Retype the listing exactly as it stands, and keep every image out.

▶ **GIVEN INFORMATION**
▼
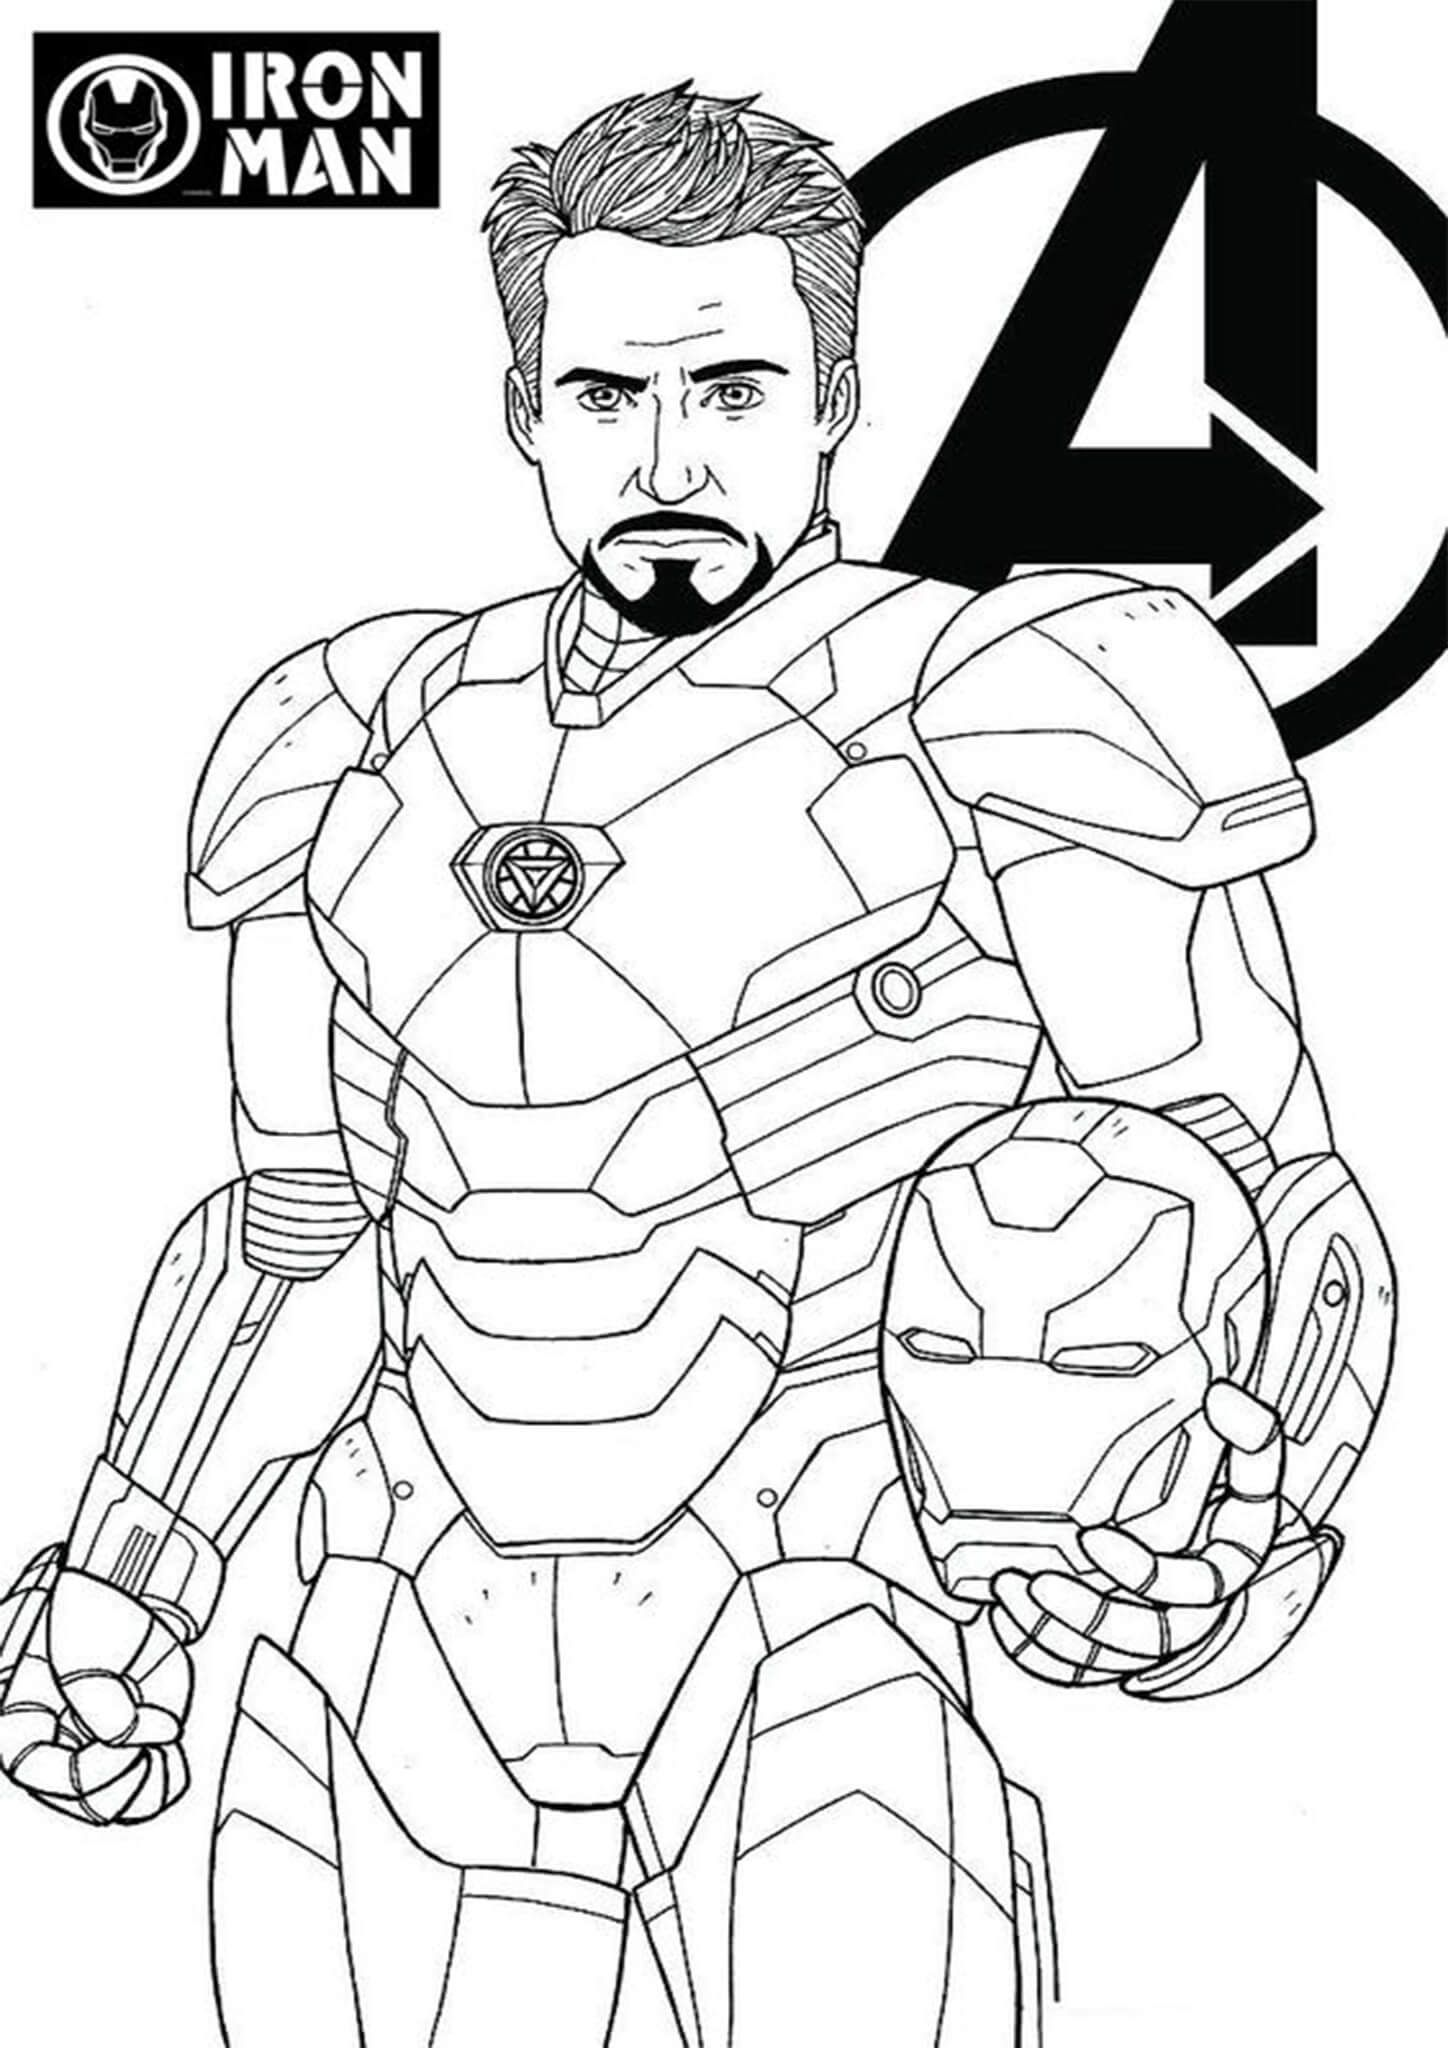 Free Easy To Print Iron Man Coloring Pages Superhelden Malvorlagen Iron Man Cartoon Wenn Du Mal Buch
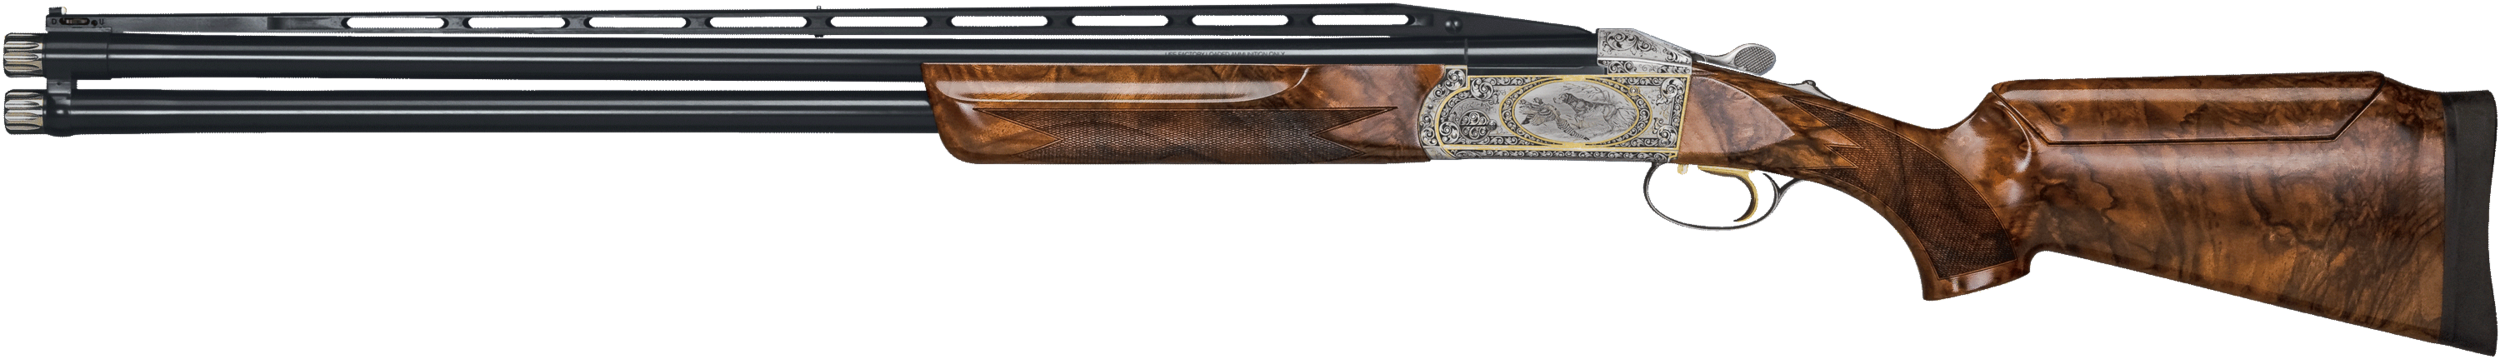 Krieghoff K-80 Pro Trap
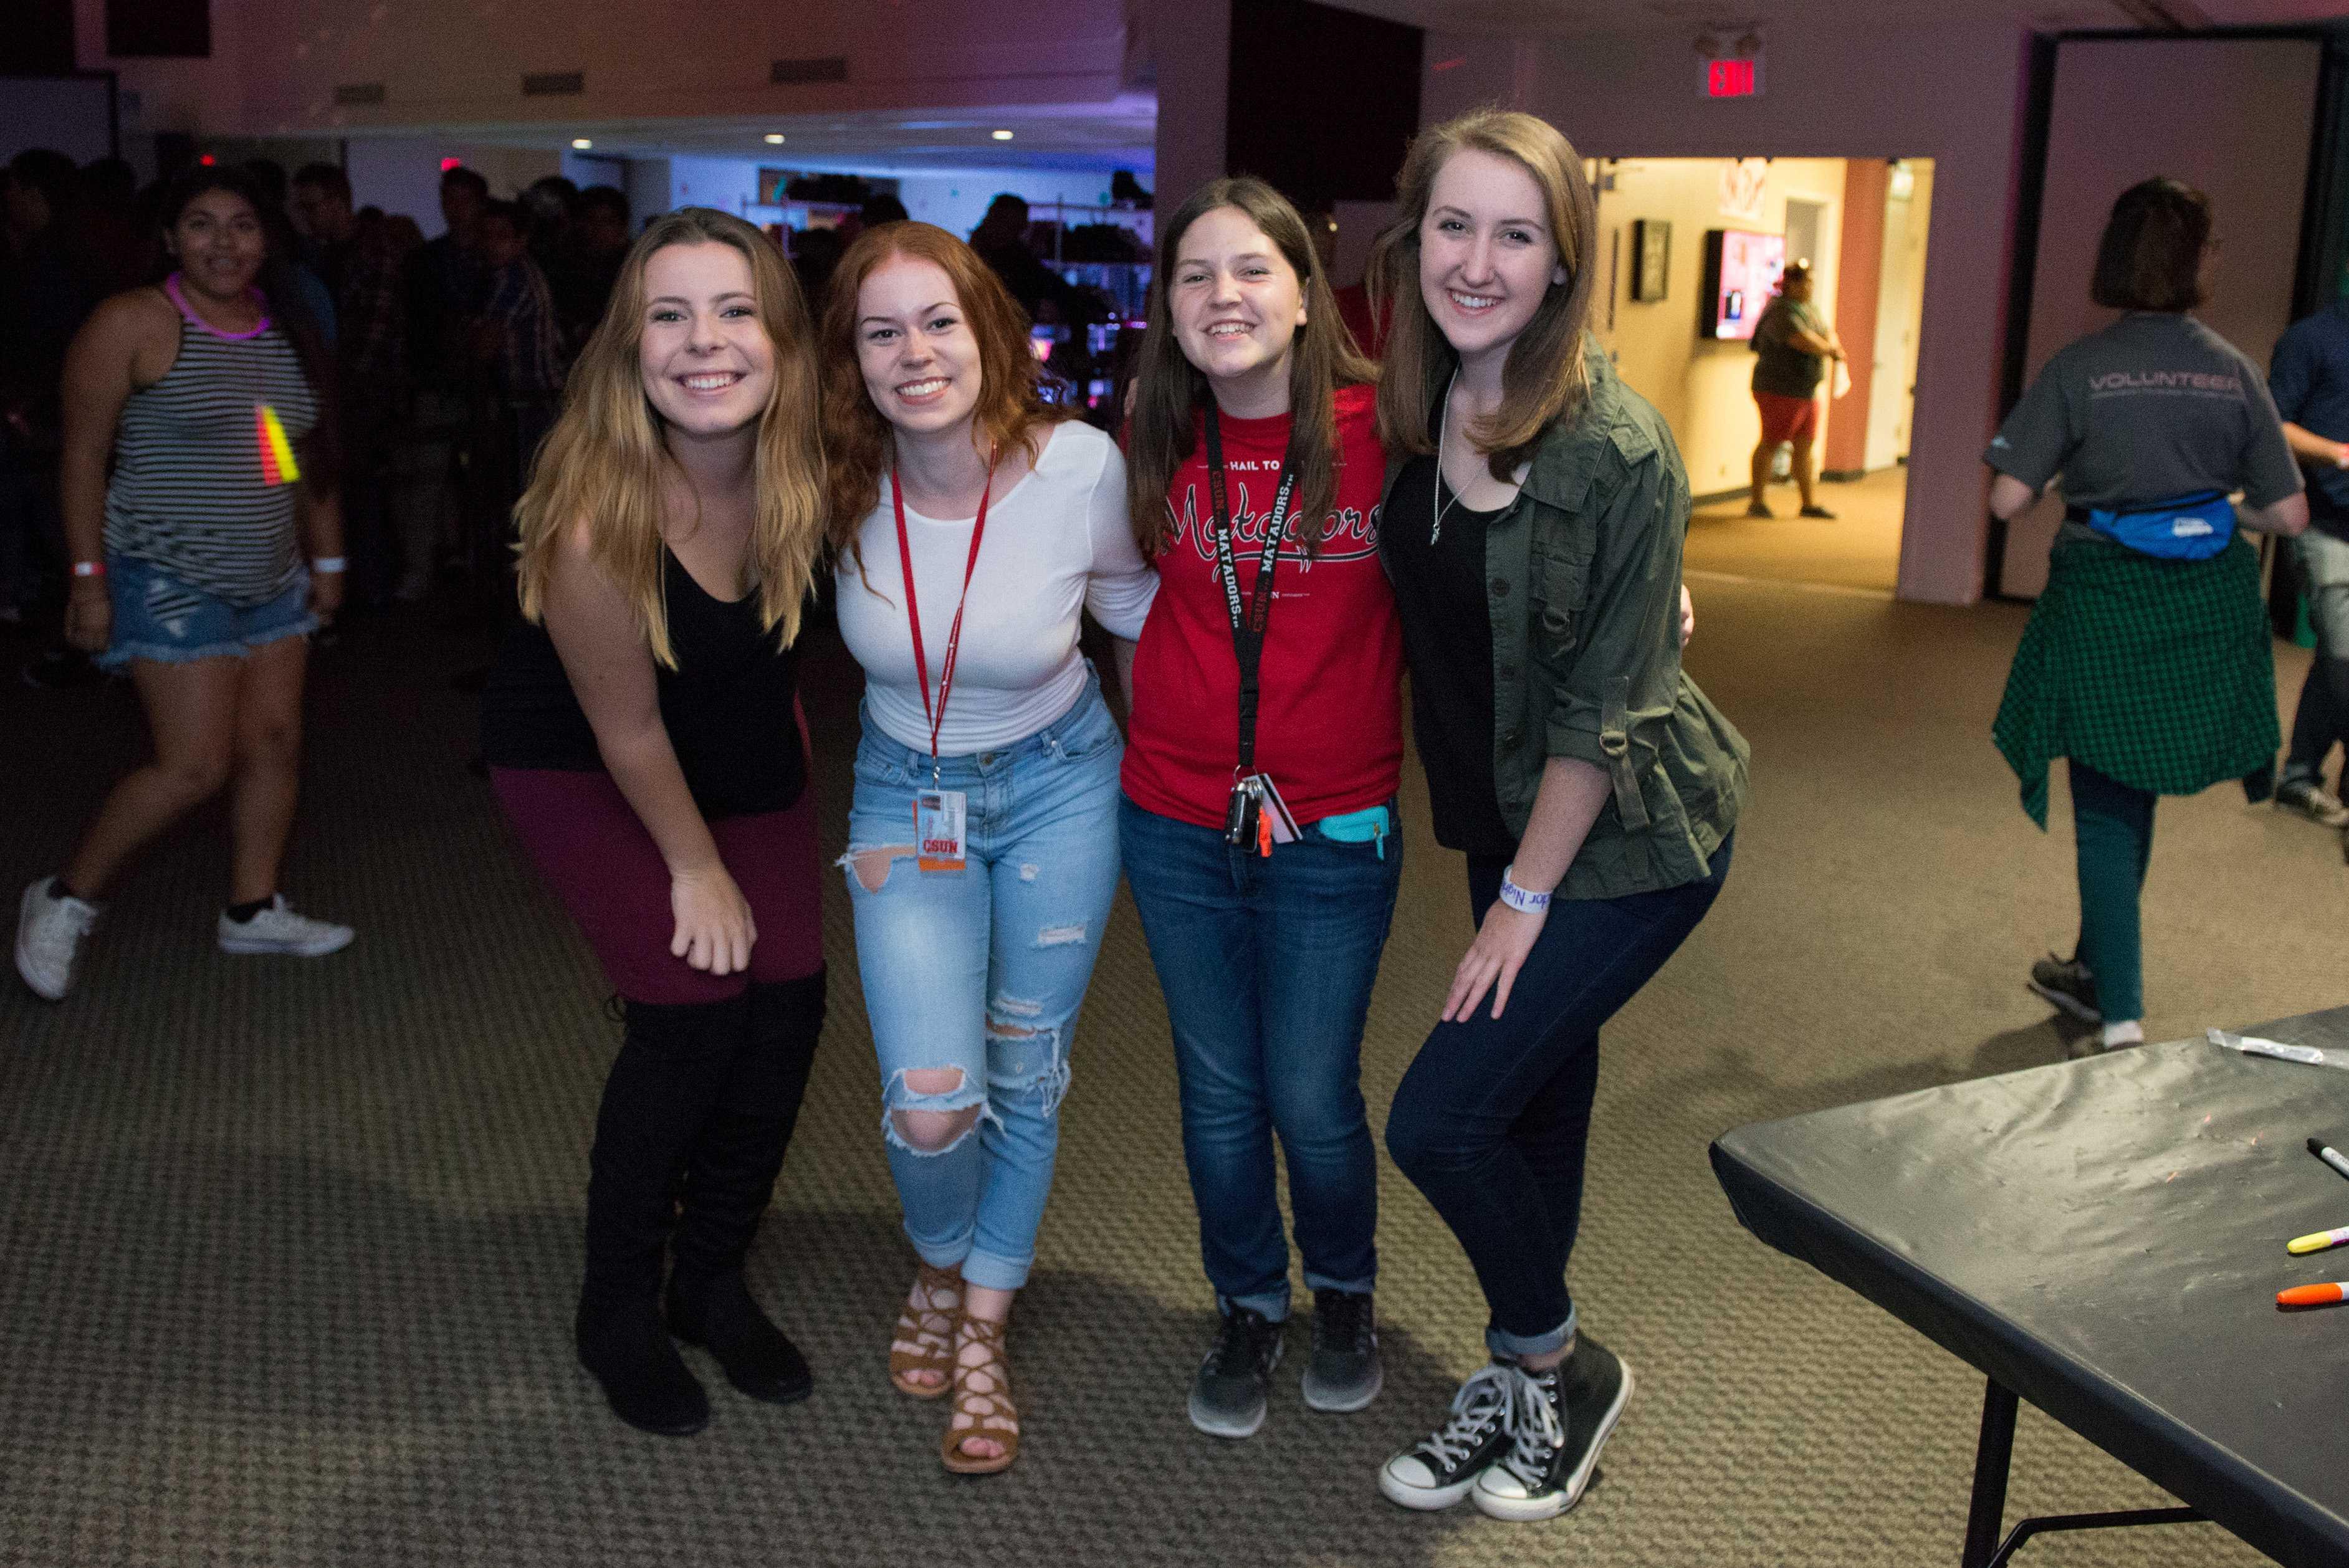 4 freshmen pictured at matador nights
▲
▶ **OUTPUT OF THE EXERCISE**
 Free Easy To Print Iron Man Coloring Pages Superhelden Malvorlagen Iron Man Cartoon Wenn Du Mal Buch
 Krieghoff K-80 Pro Trap
 4 freshmen pictured at matador nights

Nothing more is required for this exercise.